## Work to be completed
The entries are to be output word for word, with the pictures omitted.

[Items from a dataset]
= Beginning of Section =

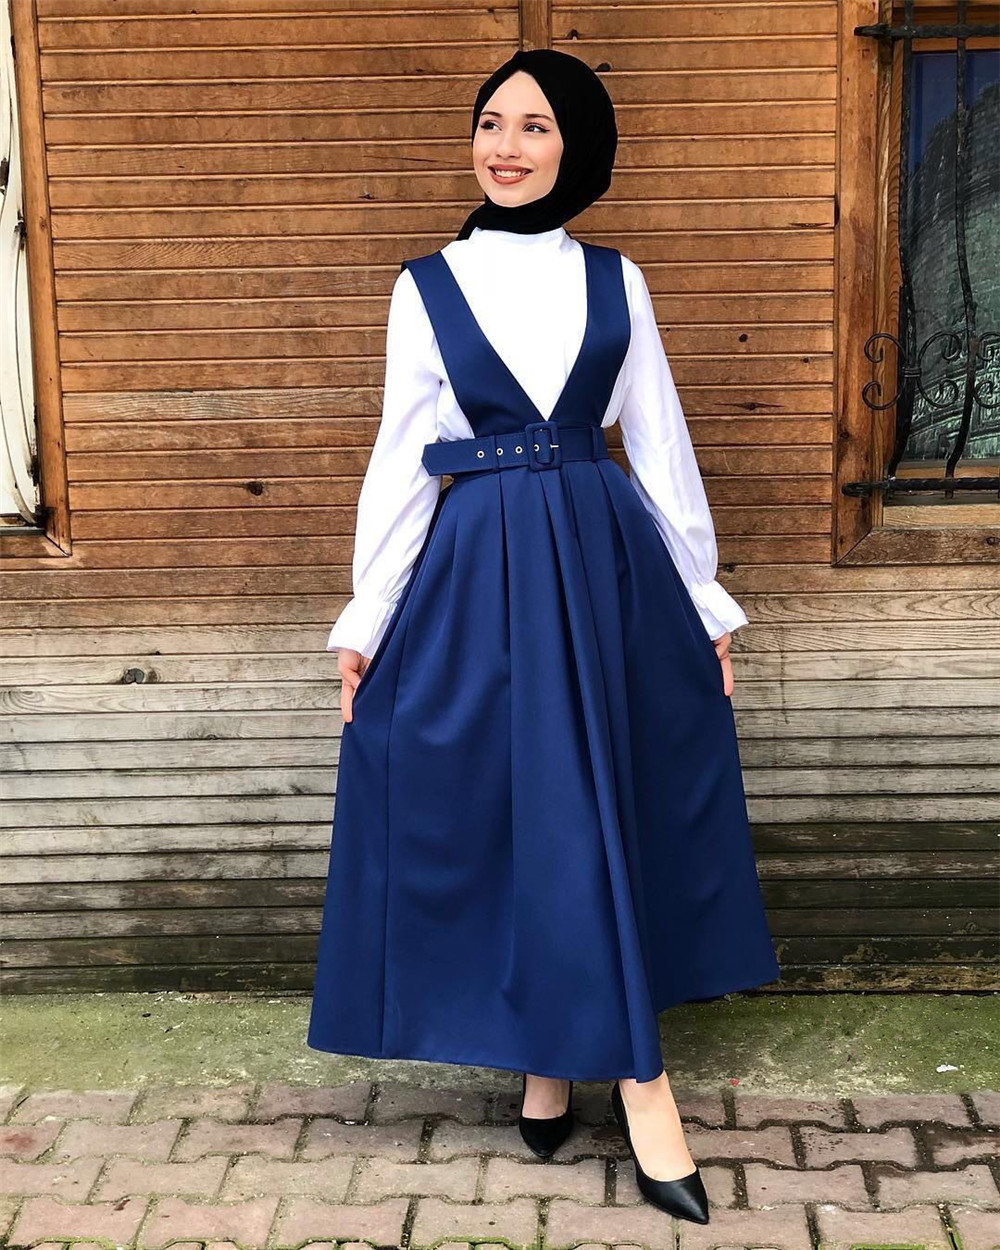 Fashion colorful strap skirt for women islamic gift for girls morocco Elegant strap skirt for woman islamic dress
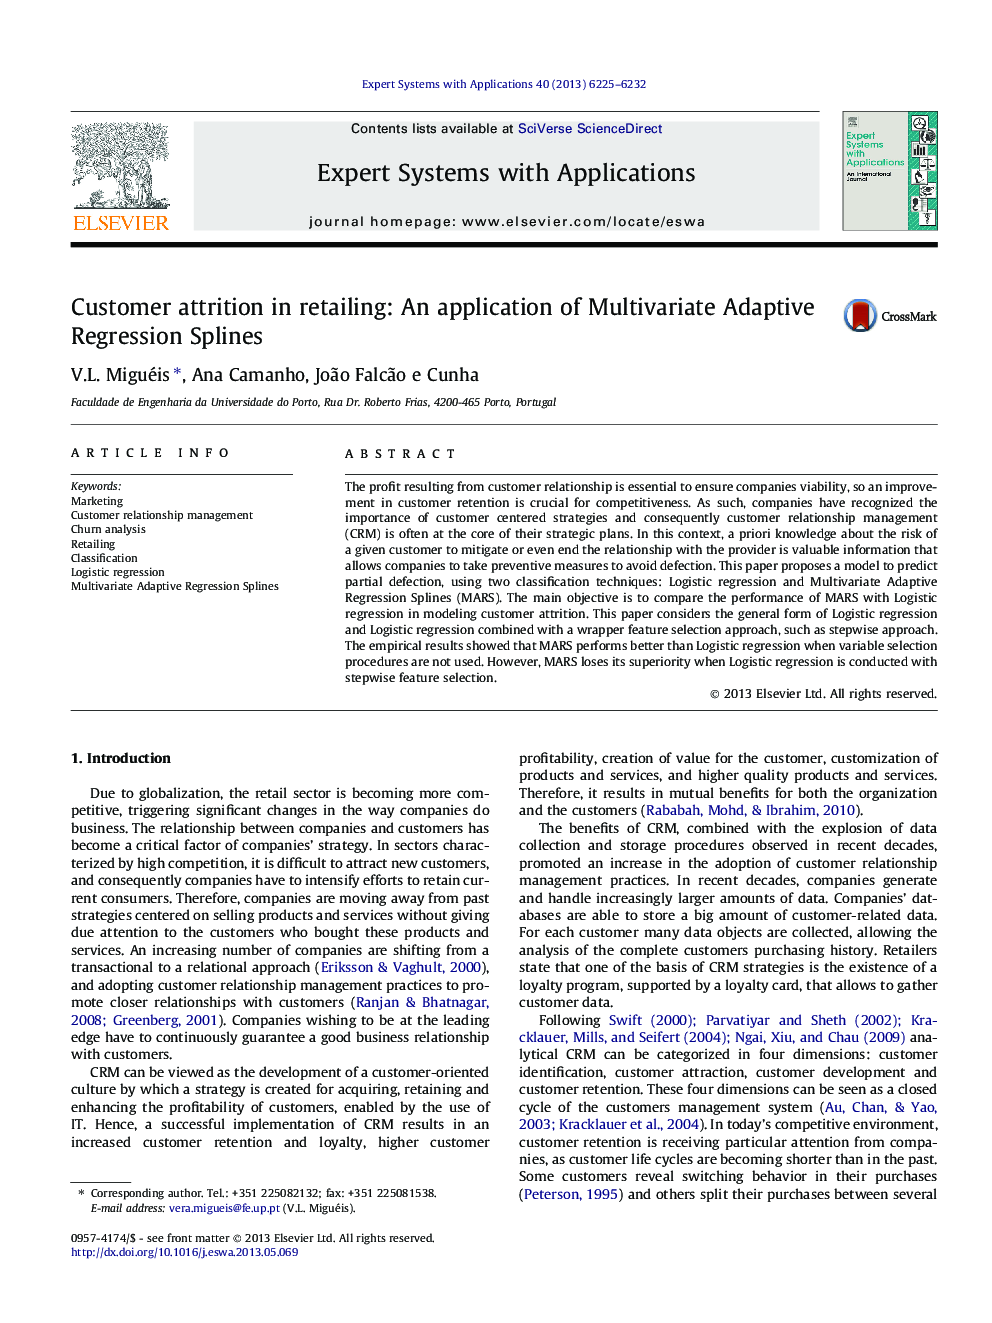 Customer attrition in retailing: An application of Multivariate Adaptive Regression Splines
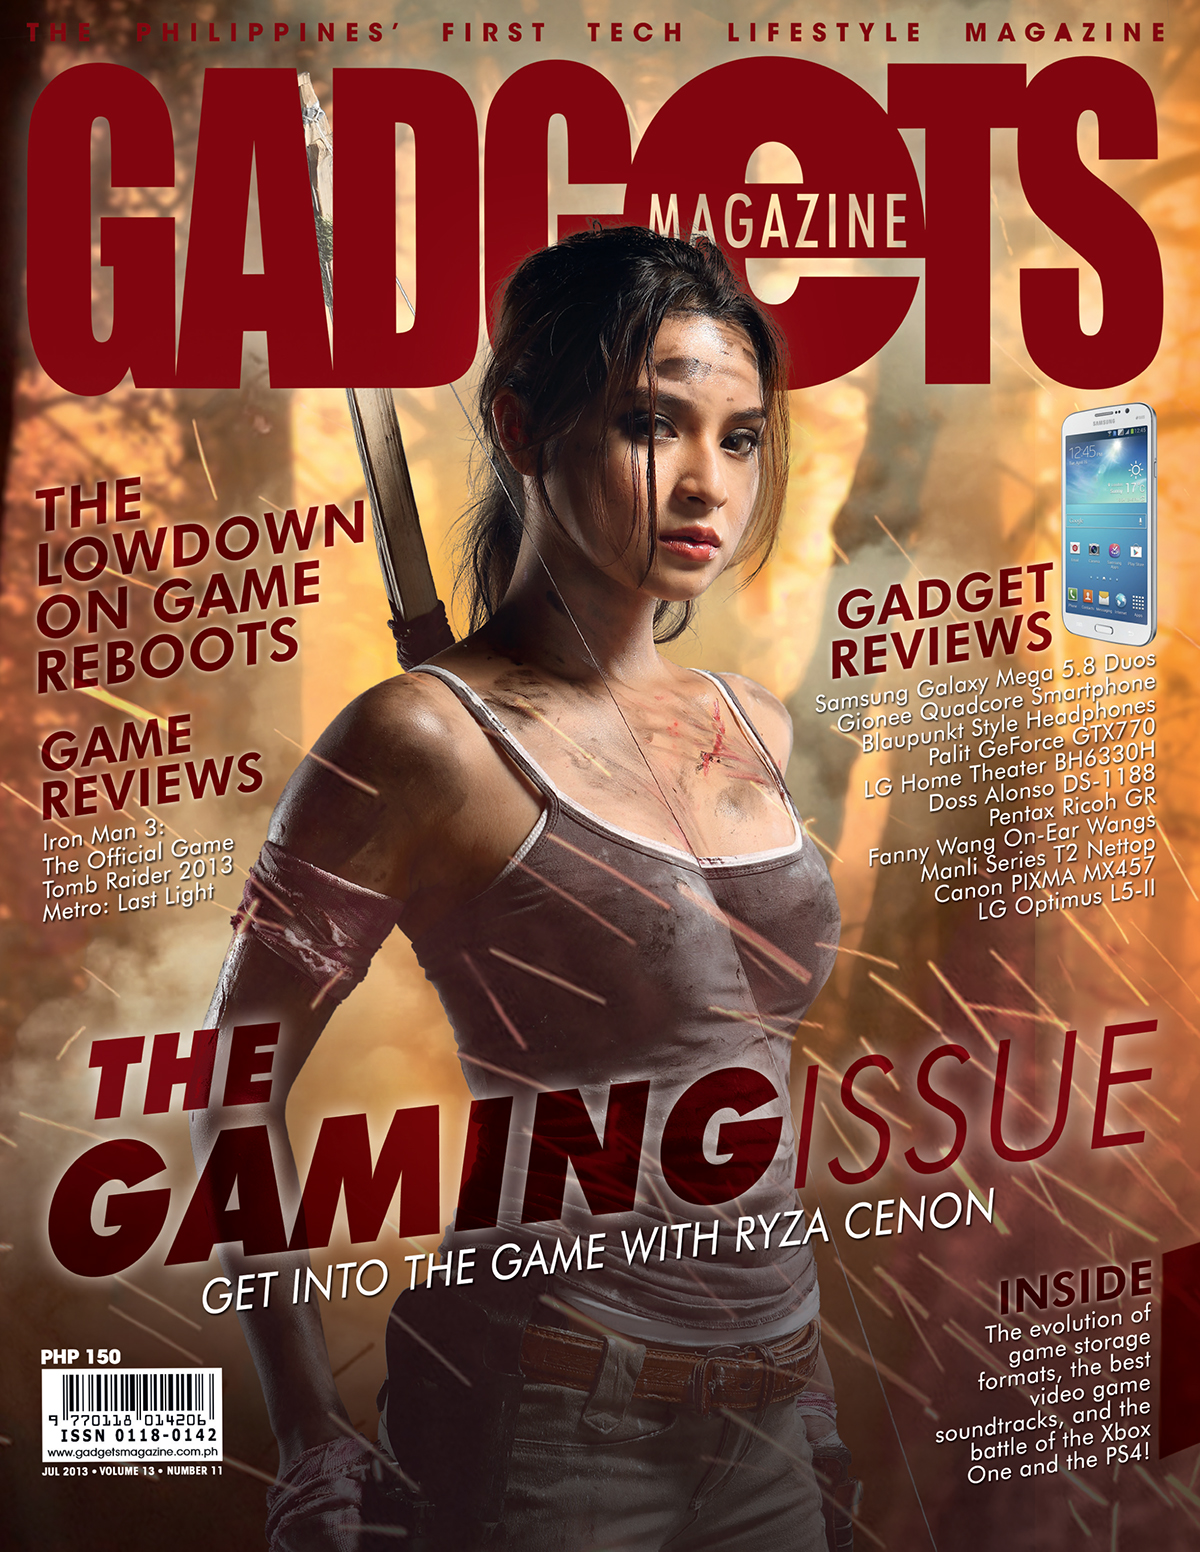 Ryza Cenon lara croft tomb raider Cosplay costume play Video Games fashion editorial Gaming cover magazine
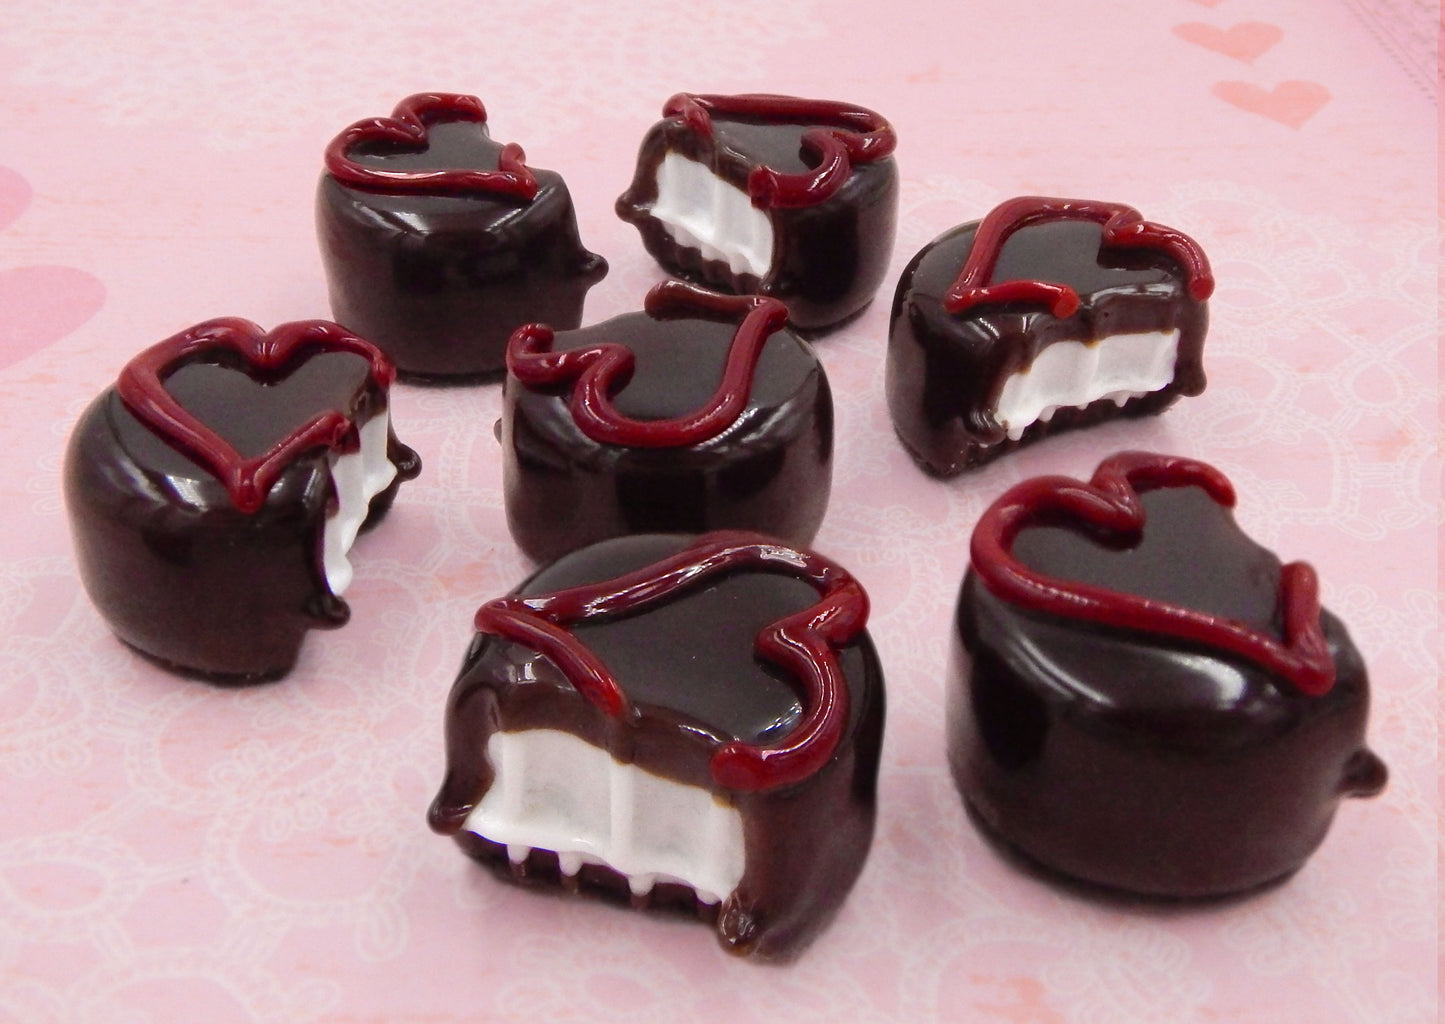 Bitten Chocolate with Dark Cherry Red Heart (B14-011CHW)
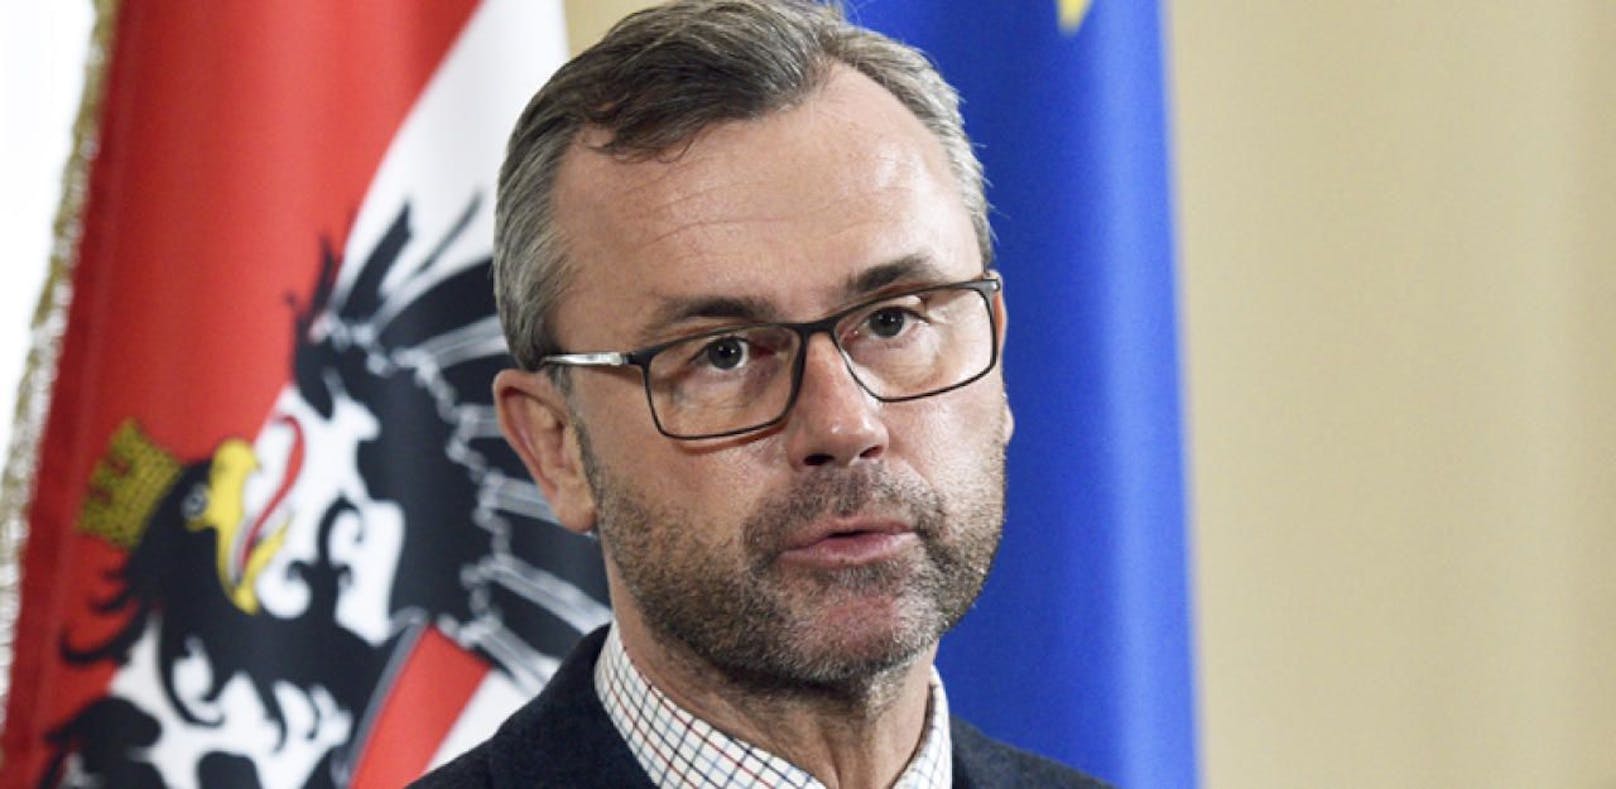 Dritter Nationalratspräsident Norbert Hofer von der FPÖ.

= End of Section =

## Result for this exercise
 Fashion colorful strap skirt for women islamic gift for girls morocco Elegant strap skirt for woman islamic dress
 Customer attrition in retailing: An application of Multivariate Adaptive Regression Splines
 Ryza Cenon lara croft tomb raider Cosplay costume play Video Games fashion editorial Gaming cover magazine
 Bitten Chocolate with Dark Cherry Red Heart (B14-011CHW)
 Dritter Nationalratspräsident Norbert Hofer von der FPÖ.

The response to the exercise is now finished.